Of course I had already betrayed Tau by lying to Trevor. But I hoped I could be forgiven for that once Geddy was safe. I figured I could make Trevor and Amanda and maybe even Damian understand why I had done what I was doing.

“So,” I said, “what are you proposing? Or do you have to wait for instructions before you can answer that question?”

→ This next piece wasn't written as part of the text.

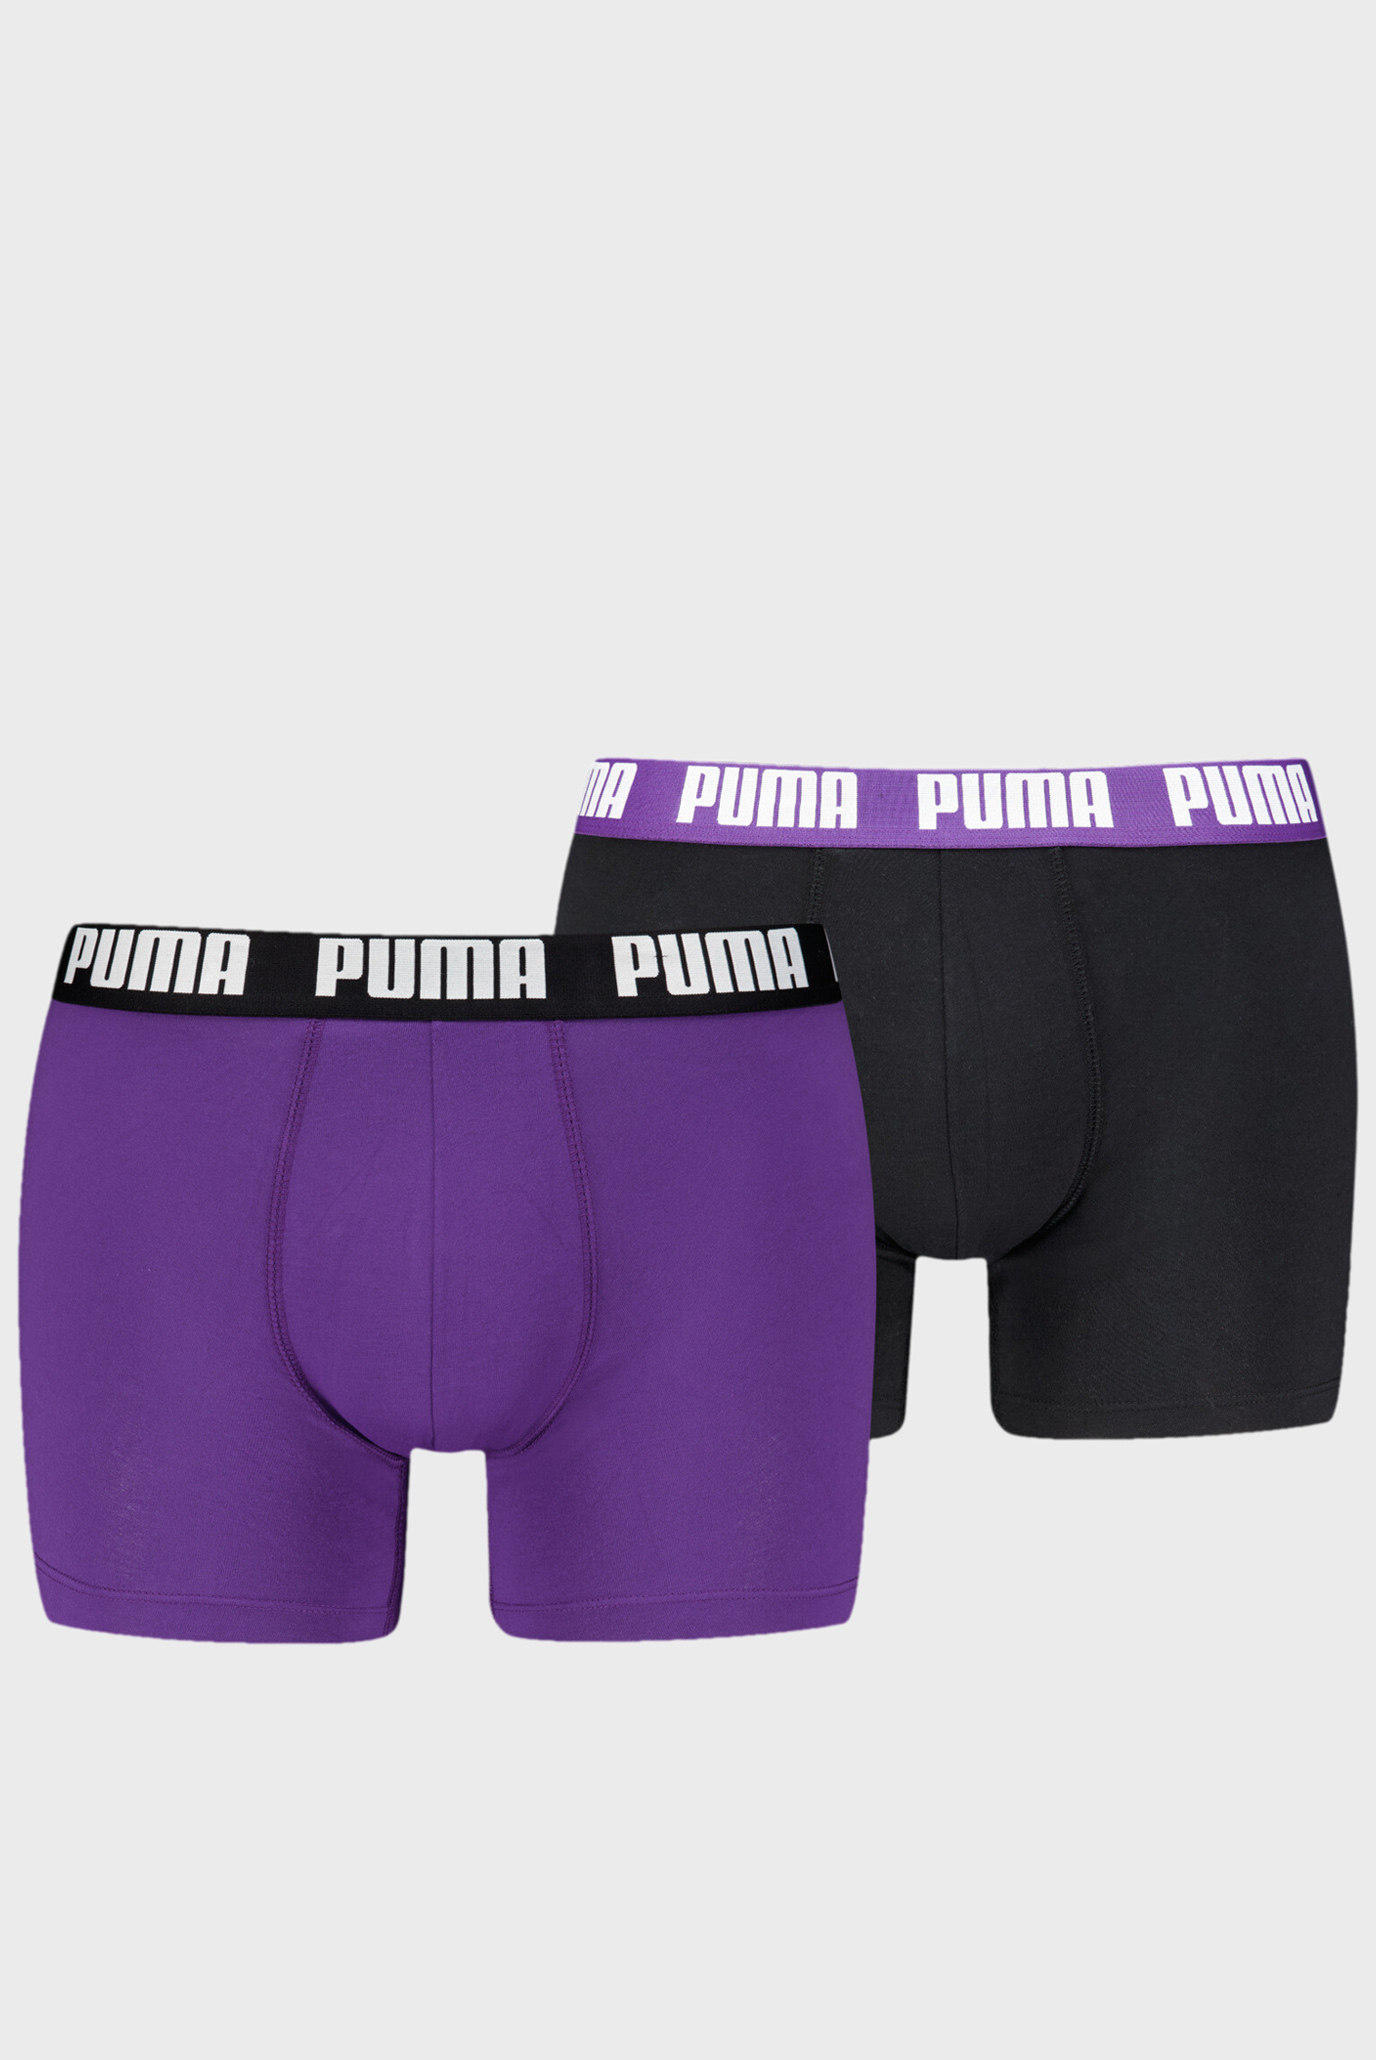 Мужское боксеры (2 шт)  PUMA Men's Boxer Briefs 1

He smirked. There was a twinkle in his eye: he actually looked merry. “That’s such a tired stereotype—hierarchical Hets, always need a boss to tell them what to do. Some truth in it, of course. When it comes to collective action, yeah, we make sure we’re all on the same page and doing the right thing. Situations like this, field operations? It’s not brain surgery. You send along someone who can assume the authority to issue orders. Pending the end of the blackout, I’m that person. If you think we’re paralyzed until the phones work, you’re not just wrong, you’re stupid.”

I looked at my watch. Twelve minutes had passed.

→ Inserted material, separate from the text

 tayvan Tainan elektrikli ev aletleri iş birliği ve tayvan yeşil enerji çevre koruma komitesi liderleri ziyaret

“So,” he said, “all I want to do here is lay out the terms. We can’t give you Geddy. Not today. You understand that, right? There’s no promise you can make that will secure his release. We need Aaron to vote as intended, and we need to hang on to Geddy until then. What I want to say is, that doesn’t have to be a hardship. The vote’s scheduled for next week, unless the crisis postpones it, and we can make Geddy perfectly comfortable until then. At an undisclosed location, of course, but somewhere comfortable and private.” He turned to give Geddy a puppet-jawed grin. “Think of it as a vacation. Eat, drink, relax, watch videos until this mess gets resolved. Het picks up the tab, and then you go free.”

Geddy continued inspecting the patch of floor between his sneakers.

I said, “And in exchange?”

“Isn’t it obvious? You have people down the road contemplating some kind of rescue attempt. Which, excuse me for saying so, is a truly idiotic idea. Which I imagine you hatched precisely because you’re out of contact with the, uh, Tau consensus, or whatever you call it. We both have so much to lose from a move like that. Somebody gets hurt. Or there’s police involvement, which neither of us wants. Or the conflict escalates out of control. A ridiculous risk.”

“You’re asking us to give up everything we’ve worked for since Klein was killed.”

“What, because of that bill before Congress? I won’t kid you; we want Aaron’s vote. But we’ve got our hands on lots of other levers. And even if this vote goes against us, what the fuck does that buy you?”

Fifteen minutes. The radio on my belt crackled. I said, “I need to check in with my people.”

The Het guy shrugged and said, “Keep it brief.”

*   *   *

Trev and I had arranged a kind of code. When I answered his call he said, “You’ve been in there a while—everything okay?”

Which meant the initial stage of the rescue plan had been set into motion and was evolving smoothly. Had there been a problem, he would have asked me what was taking so long. If the plan had been cancelled altogether, he would have told me he was getting impatient.

And I said, “We’re still talking.”

Which meant: Come get us ASAP.

Radio silence followed.

*   *   *

Tom said, “We need to wrap this up. I’m sure you know we have our vehicles behind the house. What’s going to happen is, my people will put Geddy in one of those vehicles and we’ll convoy down Spindevil to the highway. Nobody gets in the way. Nobody follows us. No contact until Aaron casts his vote, at which time we get in touch and tell you where to find Geddy. The video footage stays locked up in the meantime, or, if it does get released, Jenny Fisk tells the press it’s not authentic. That’s a win-win situation.”

“It might be,” I said. “Except we have no reason to believe you. You say you won’t hurt Geddy—”

“As long as Aaron isn’t interfered with, you can count on it.”

“History doesn’t bear out that assertion.”

“No idea what you’re talking about.”

“I was on Pender Island a few years ago when one of your guys shot Amanda Mehta. Maybe you remember that. You’d been trying to squeeze information out of Rachel Ragland, looking to find something you could pin on me or Amanda or Damian Levay. Then you sent some asshole with a rifle to intimidate us. Unfortunately he was also an incompetent asshole.”